=== Section Start ===

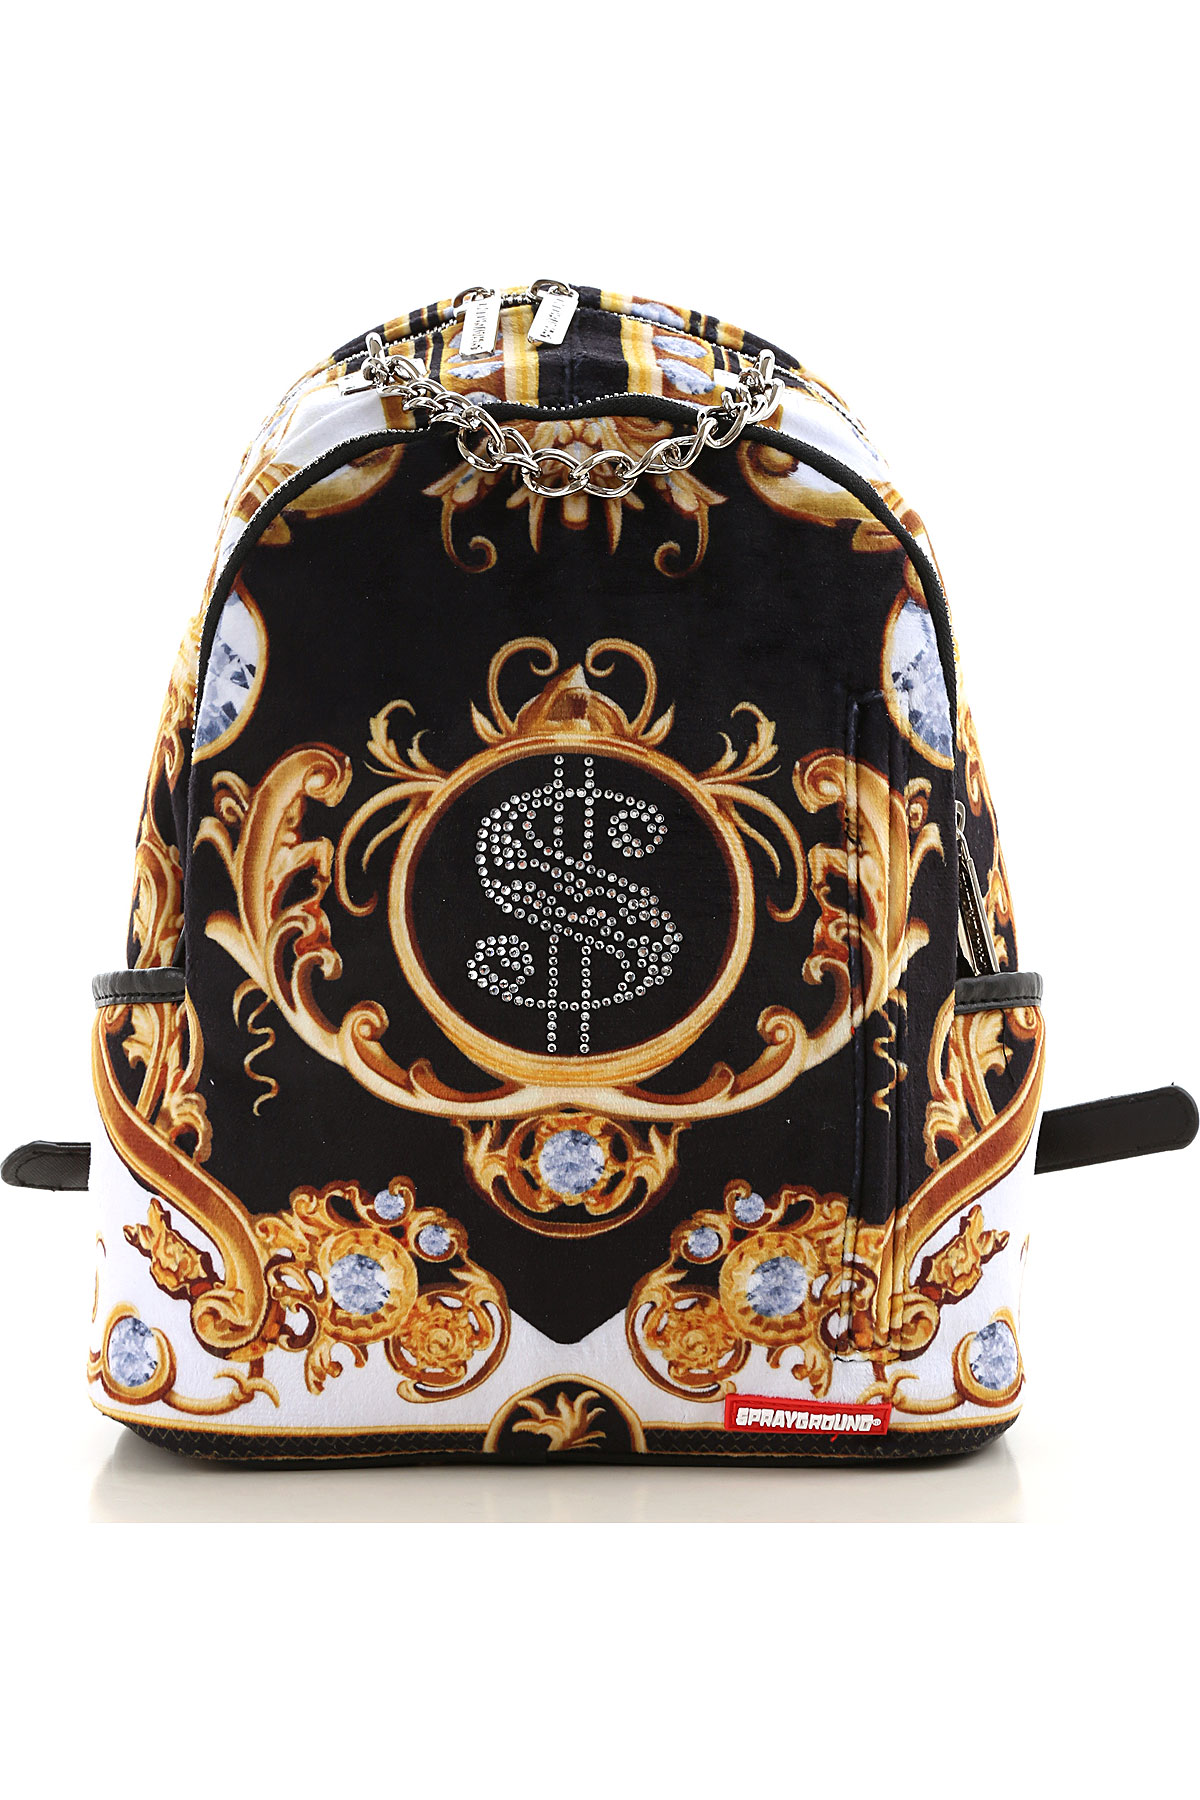 Sprayground Backpack for Men On Sale, Black, polyurethane, 2019
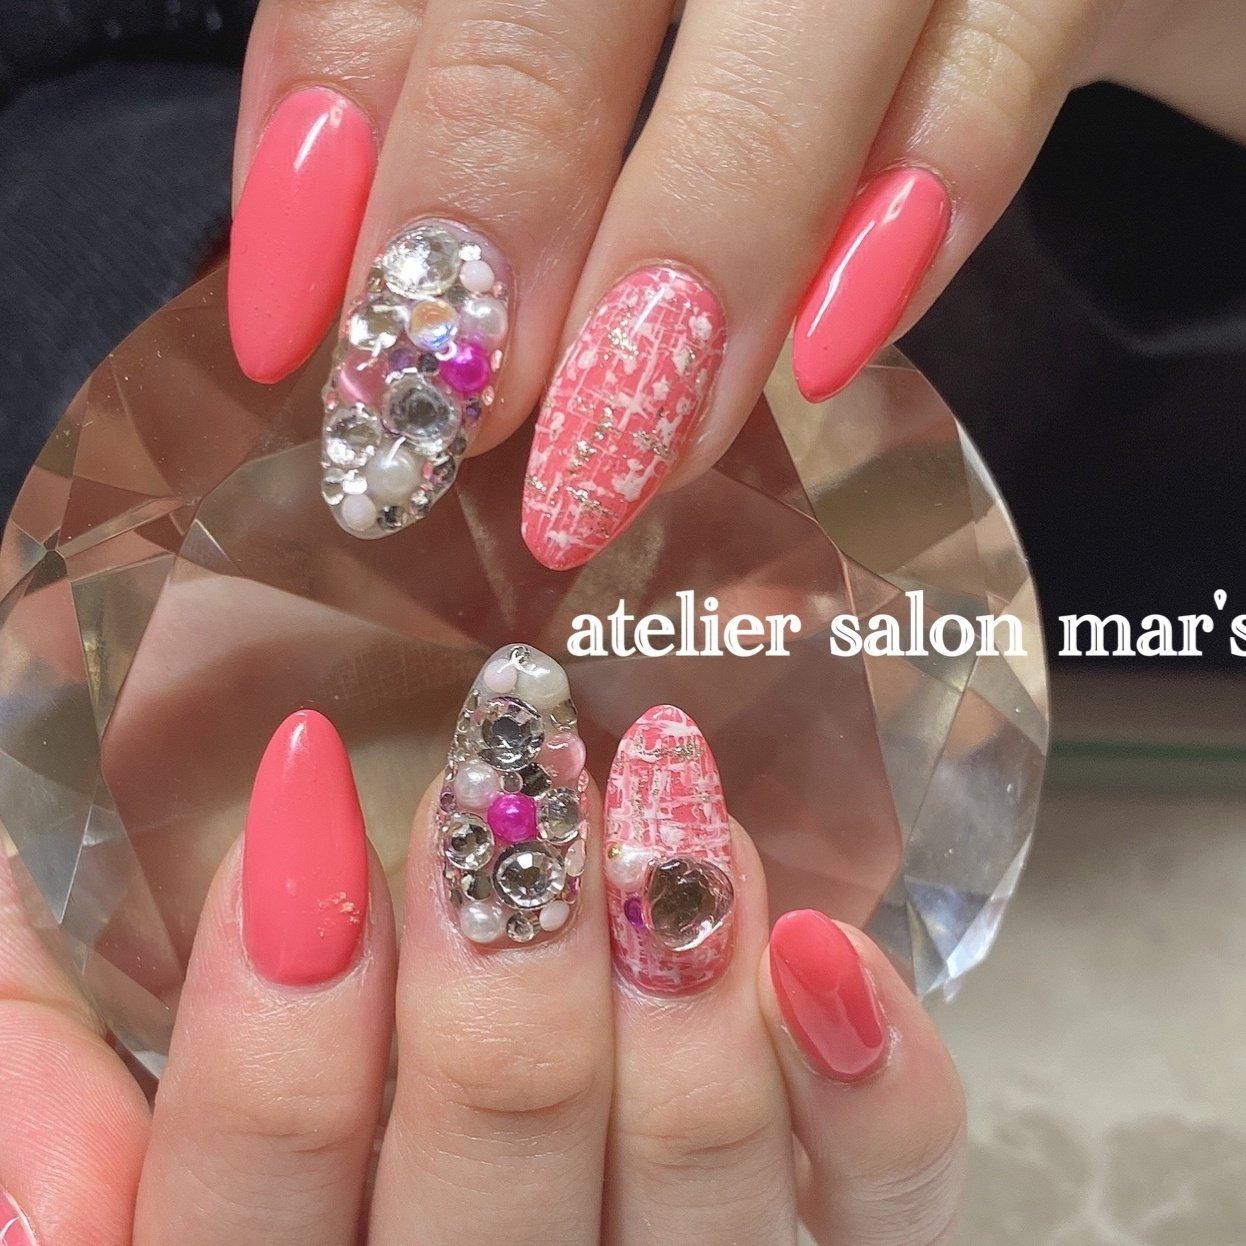 #spring #ピンク #女子力 #可愛い❤️ #ワンカラー #ビジュー #ハート #ツイード #デコ #ピンク #シルバー #masayo #ネイルブック
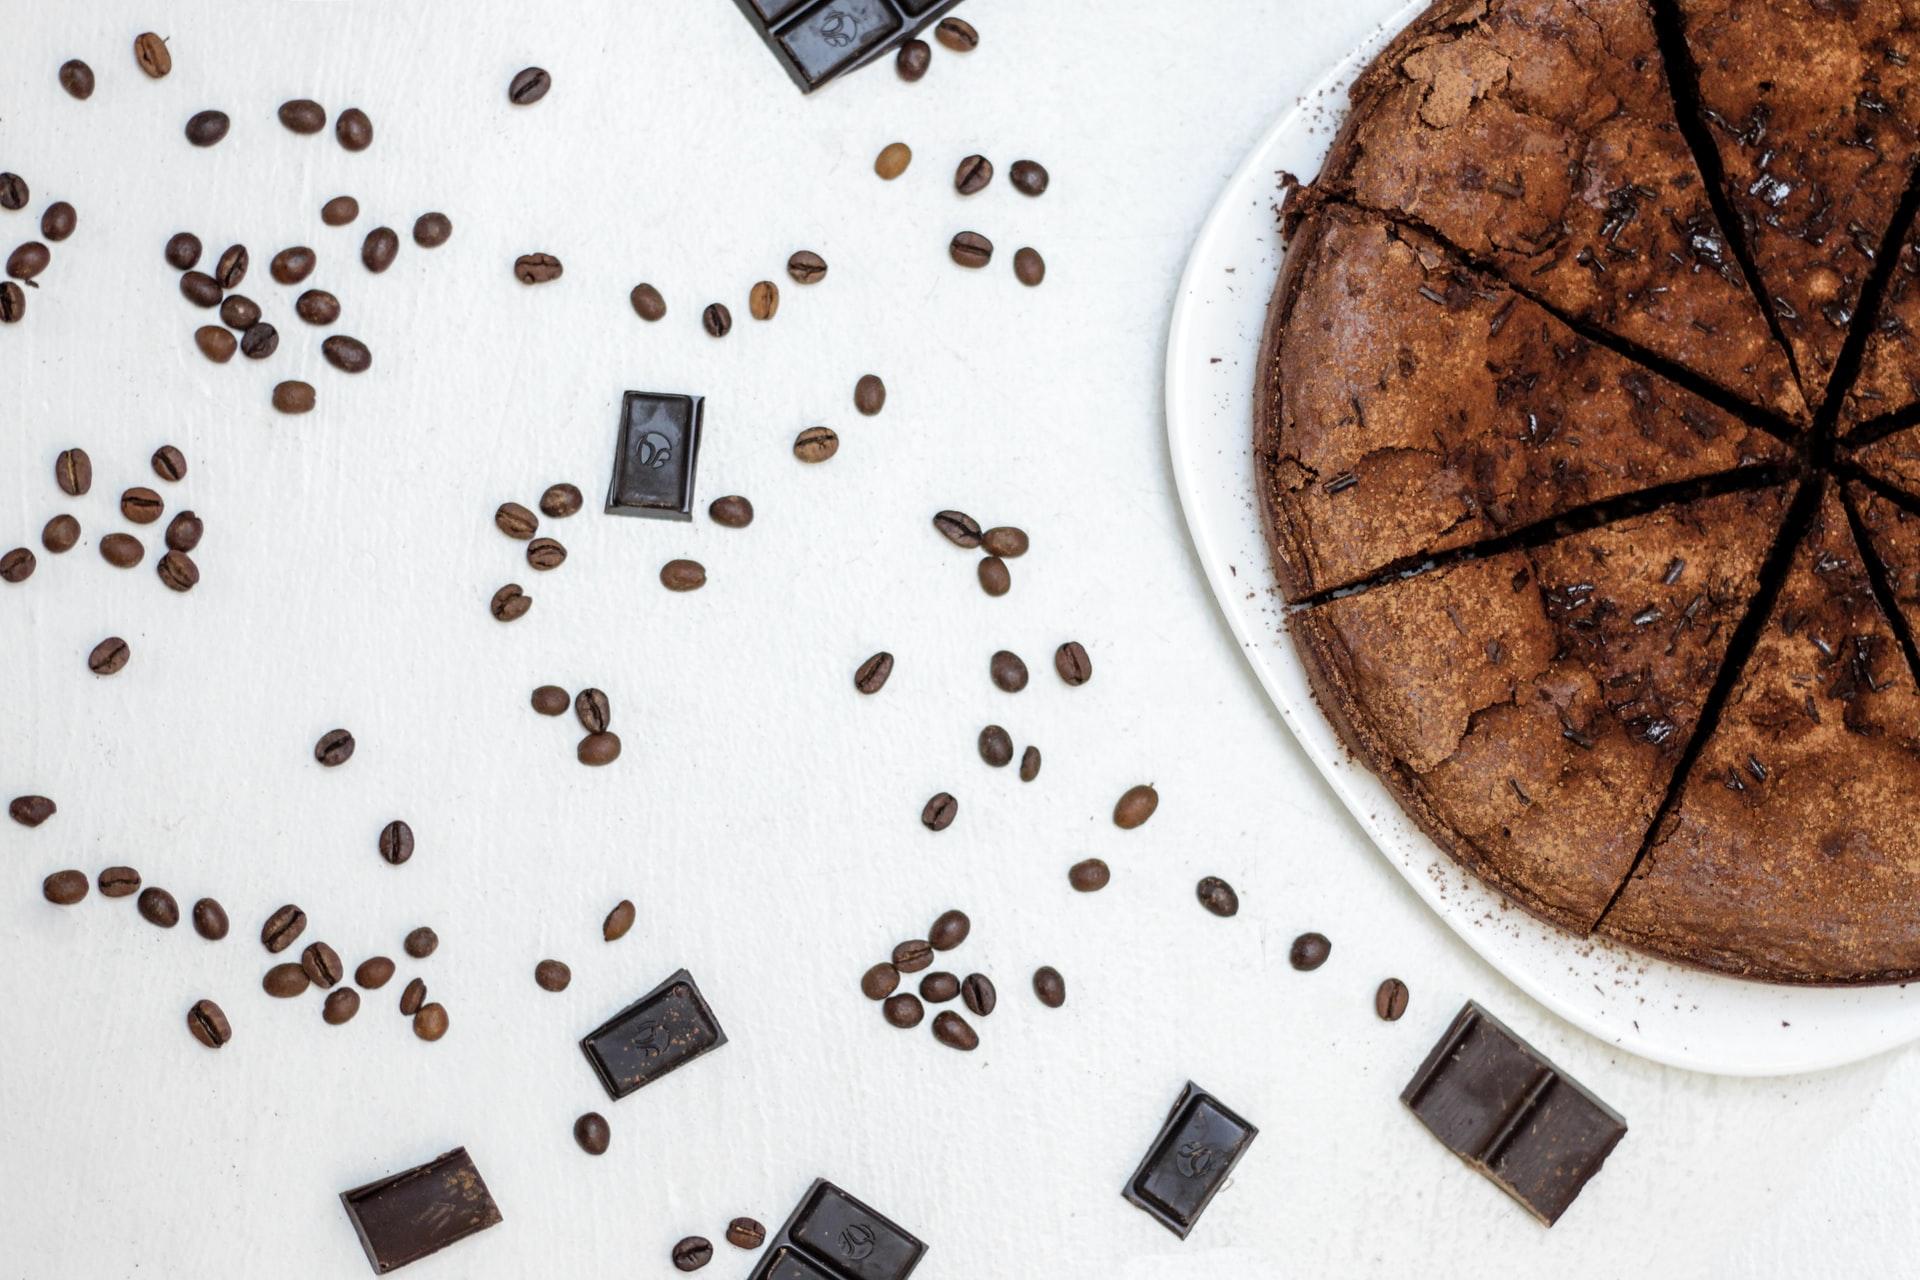 torta 12 cucchiai al caffè
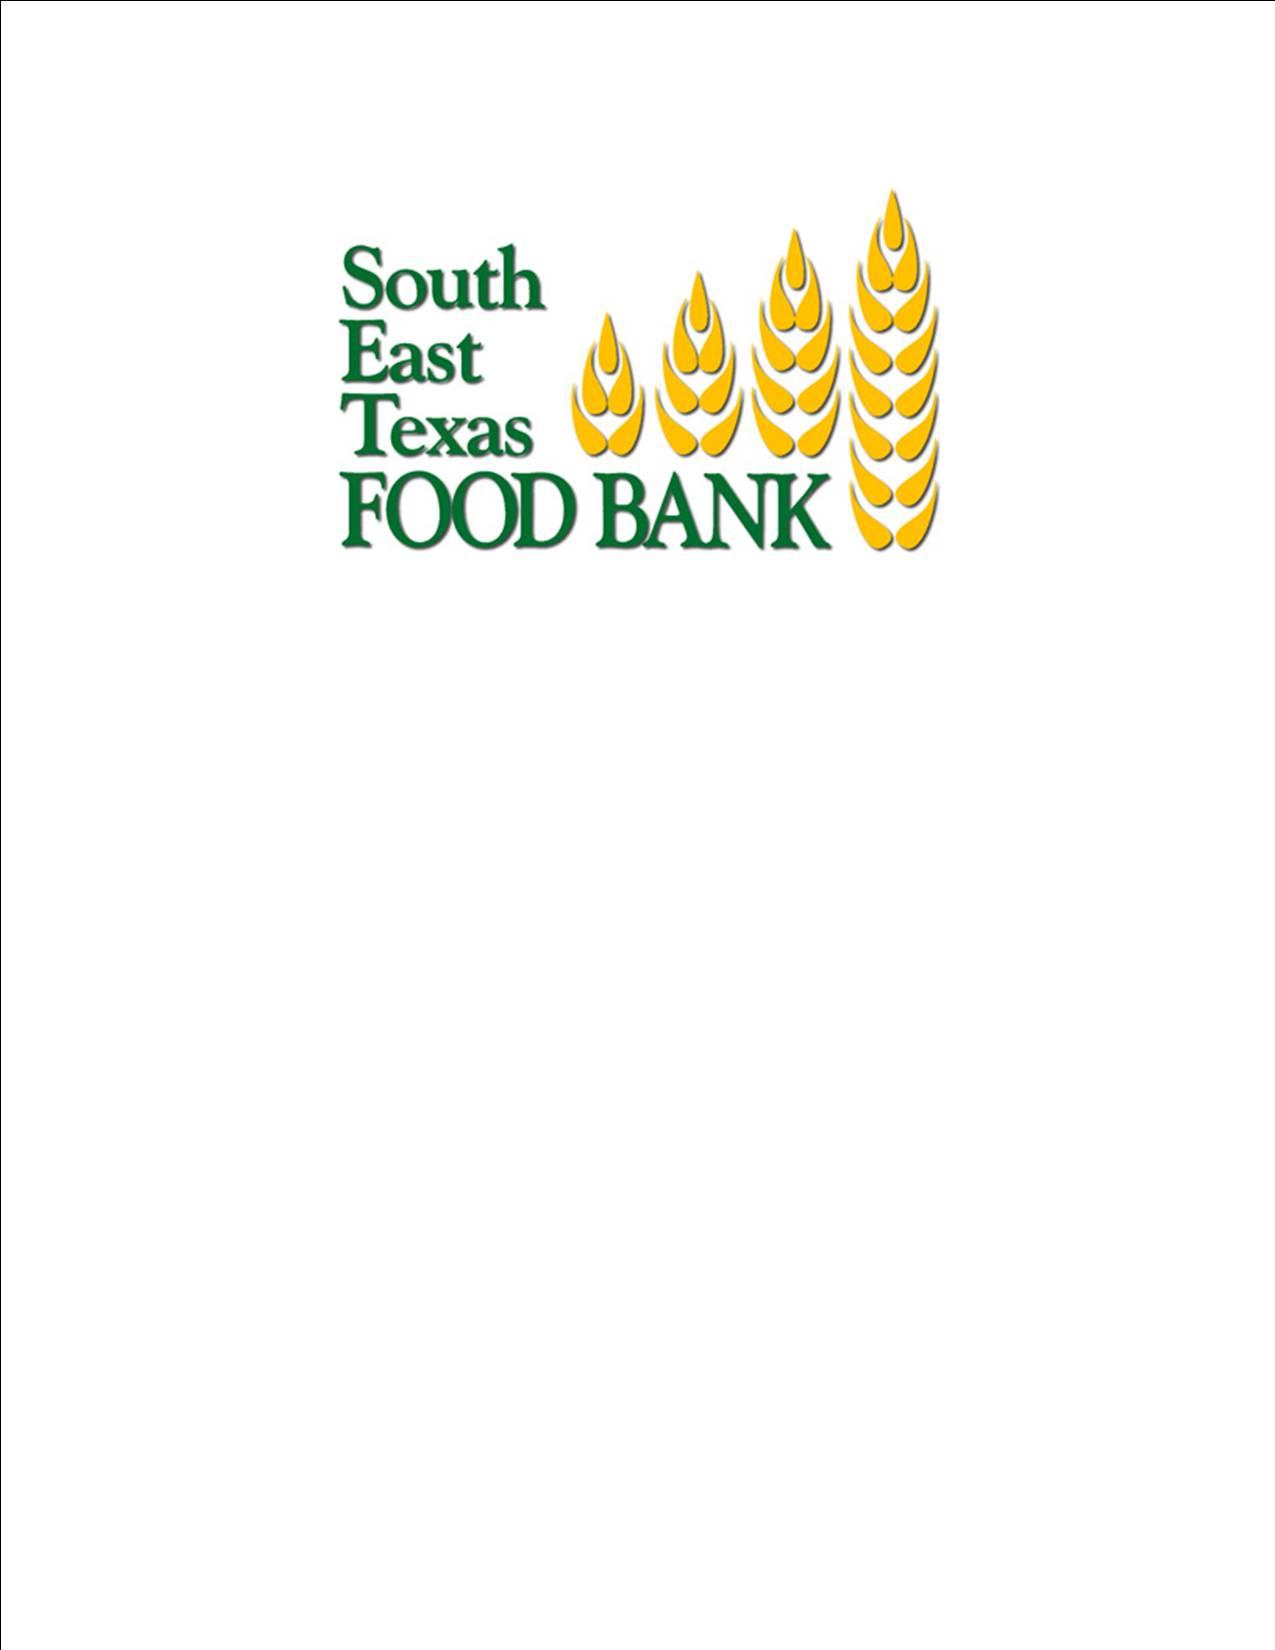 Southeast Texas Food Bank Guidestar Profile

=== Section End ===

INSTRUCTIONS FOR THE TASK: Each line above should be written out again exactly, and no picture should appear in the copy.

ANSWER SECTION:
 Sprayground Backpack for Men On Sale, Black, polyurethane, 2019
 #spring #ピンク #女子力 #可愛い❤️ #ワンカラー #ビジュー #ハート #ツイード #デコ #ピンク #シルバー #masayo #ネイルブック
 torta 12 cucchiai al caffè
 Southeast Texas Food Bank Guidestar Profile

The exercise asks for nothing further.